Lee's and Jackson's leadership were the only ones that stood the test of time. Of course, Lee could have never been a Sherman because Lee gave strict orders to not burn, loot, rape, and pillage.


----------



## Big Fitz

Publius1787 said:


> Big Fitz said:
> 
> 
> 
> Lee was the best or the Civil war would have been over so much faster.
> 
> Grant was next IMHO because he actually implemented a winning strategy
> 
> Sherman would have been next because his tactics caused the war to end earlier by breaking the confederacy's back.
> 
> 
> 
> 
> Lee's and Jackson's leadership were the only ones that stood the test of time. Of course, Lee could have never been a Sherman because Lee gave strict orders to not burn, loot, rape, and pillage.
Click to expand...

It's part of why Lee is the greatest of them all.  He did it without resorting to the tactics that Sherman then perfected.


----------



## mudwhistle

I'm related to Sherman. 

I heard he was an asshole.


----------



## zzzz

I think one of the most brillant jobs of command in the civil war (there were many of course) was  Col. Benjamin Grierson raid through the confederacy, 600 miles throughthe enemies home turf. Even though the casualties and manpower involved did not approach the thousands in the east the very audacity, daring and execution of this raid was brilliant.

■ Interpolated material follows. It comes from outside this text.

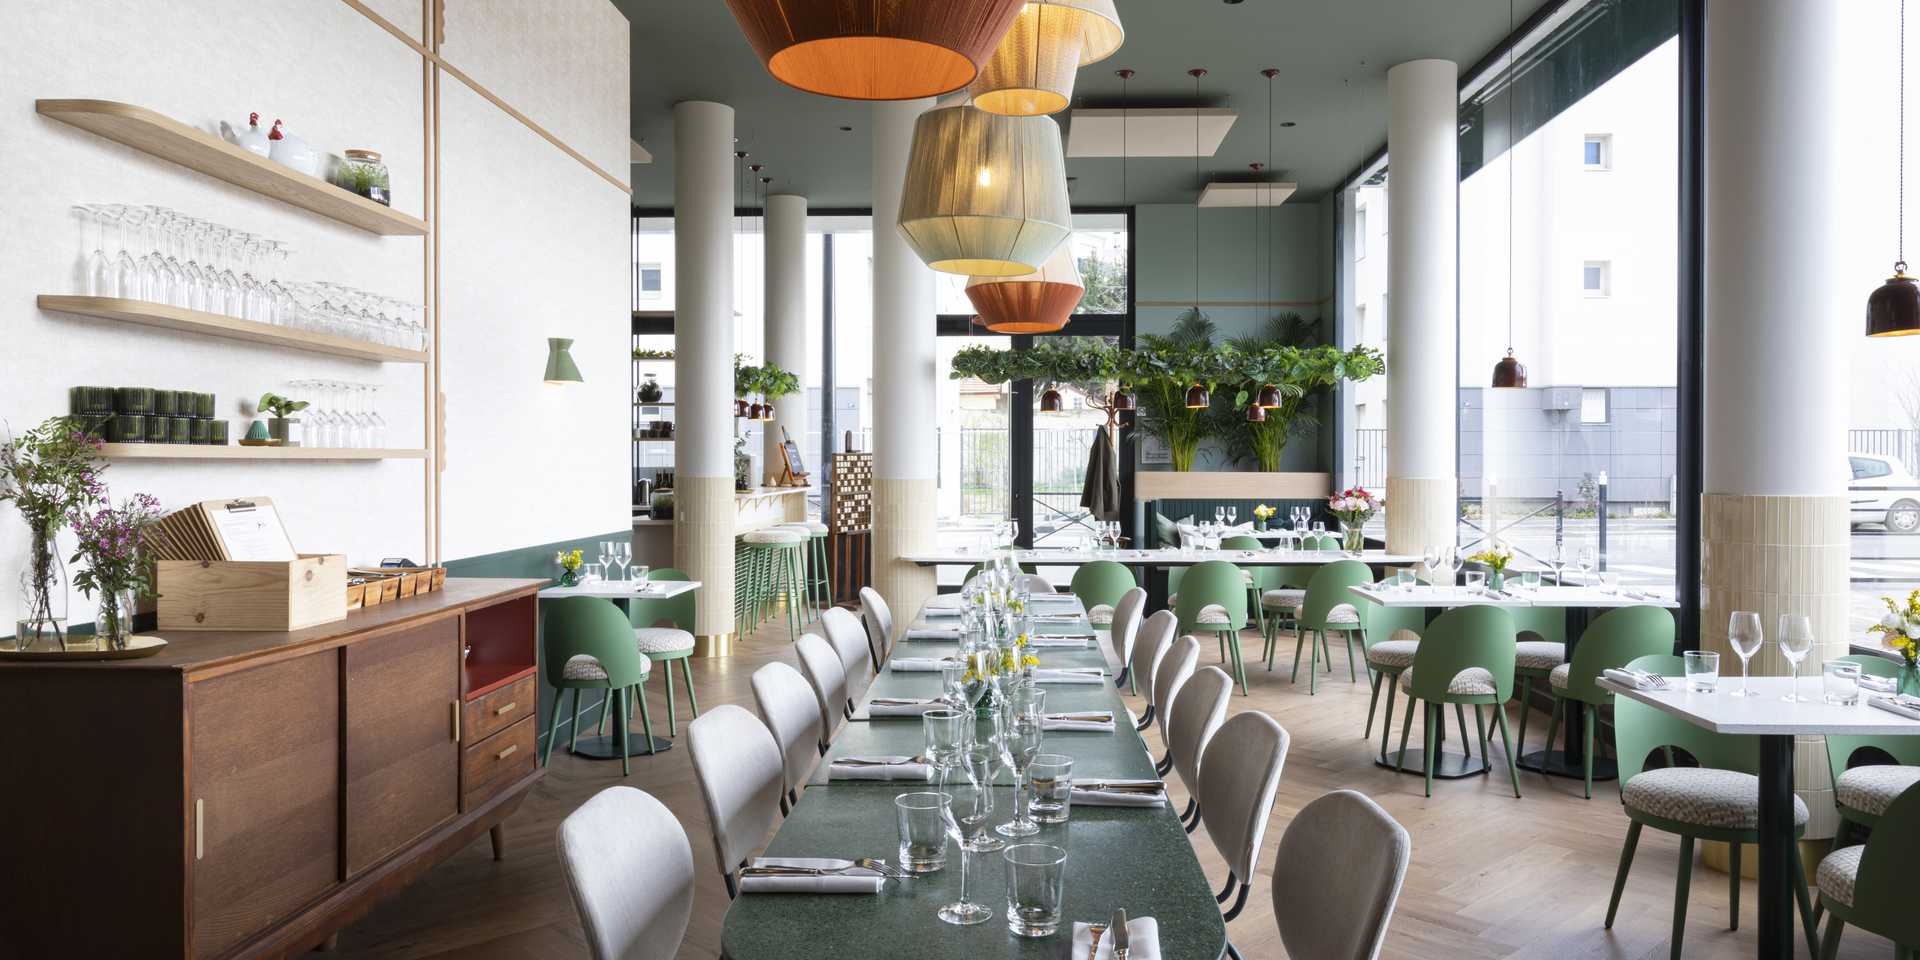 Restaurant bistronomique à Bruxelles aménagé par un architecte d'intérieur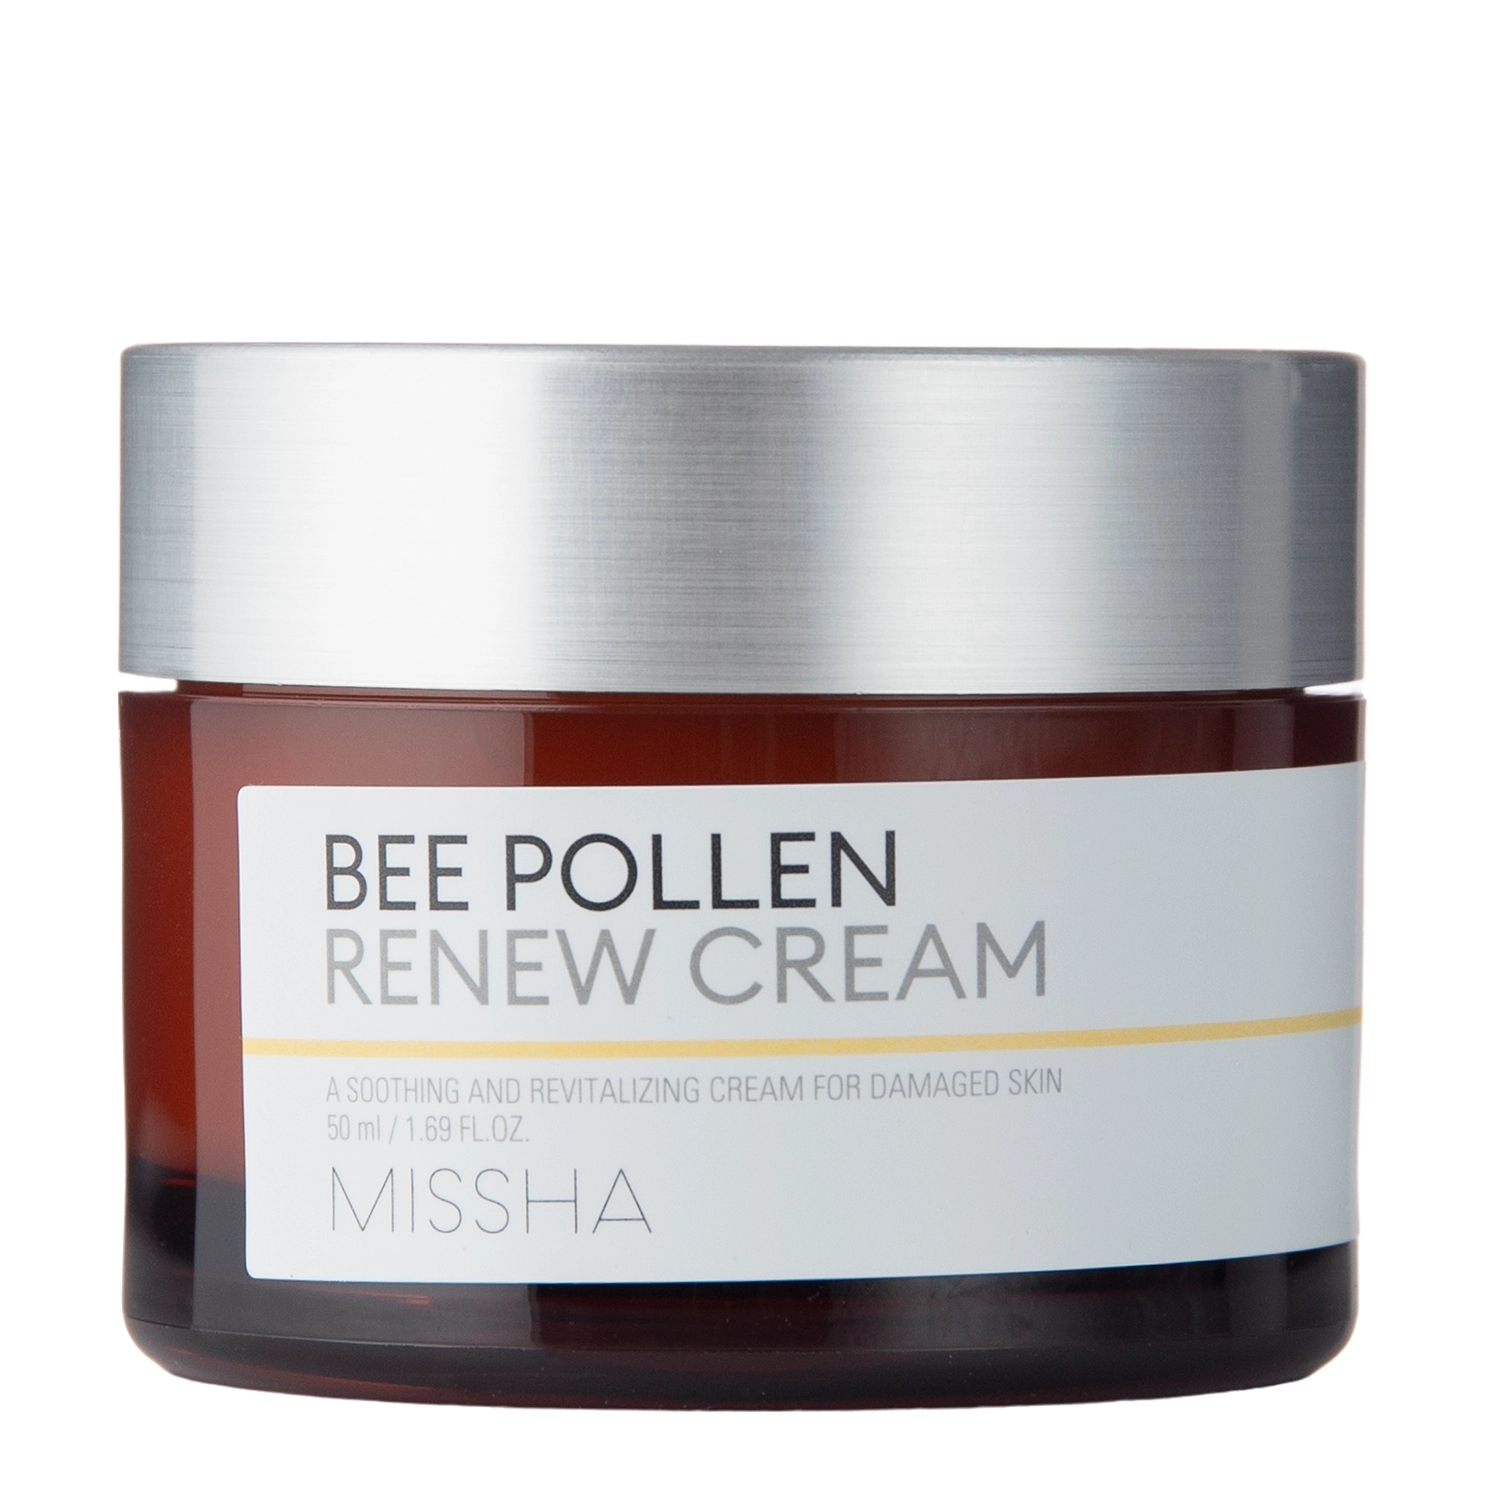 Missha - Bee Pollen Renew Cream - Strengthening Cream with Bee Pollen Extract - 50ml

But the question was the best General, not the highest ranking Generals. There were many good ones on both sides and ranking them is difficult because not all the circumstances were the same. For me Gen. Hancock was the kind of man you wanted to lead. At Gettysburgh he took command and showed leadership, exposing himself to fire and even sustaining wounds but refusing to leave the field until it was over. His presence on the field inspired the Union soldiers to fight and hold the line just as Stonewall Jackson did for the South earlier in the war.


----------



## Trajan

Baruch Menachem said:


> I keep on wondering why folks think Lee could have achieved anything at Gettysburg but different kinds of disaster.
> 
> Actually, General Thomas destroyed two armies in the filed.   I forget the first time, but the second time was at Nashville.
> 
> And Starkey forgot about Chattanooga, which was where Grant took on the problem faced by Pemberton in Vicksburg, and defeated the besieging forces and chased them away.
> 
> All Lee had going for him was berserker courage and quality engineering.  Grant would never have caused anything remotely like Antittum and Gettysburg   Lee built his glory on a huge pile of corpses from the Seven days onward.  Grant build this victories on strategic misdirection and speed.



Ha..I thought I would trump the field by naming The Sledge of Nashville.........agreed.


----------



## Trajan

I must say I am flabbergasted the OP would mention Burnside or McClellan......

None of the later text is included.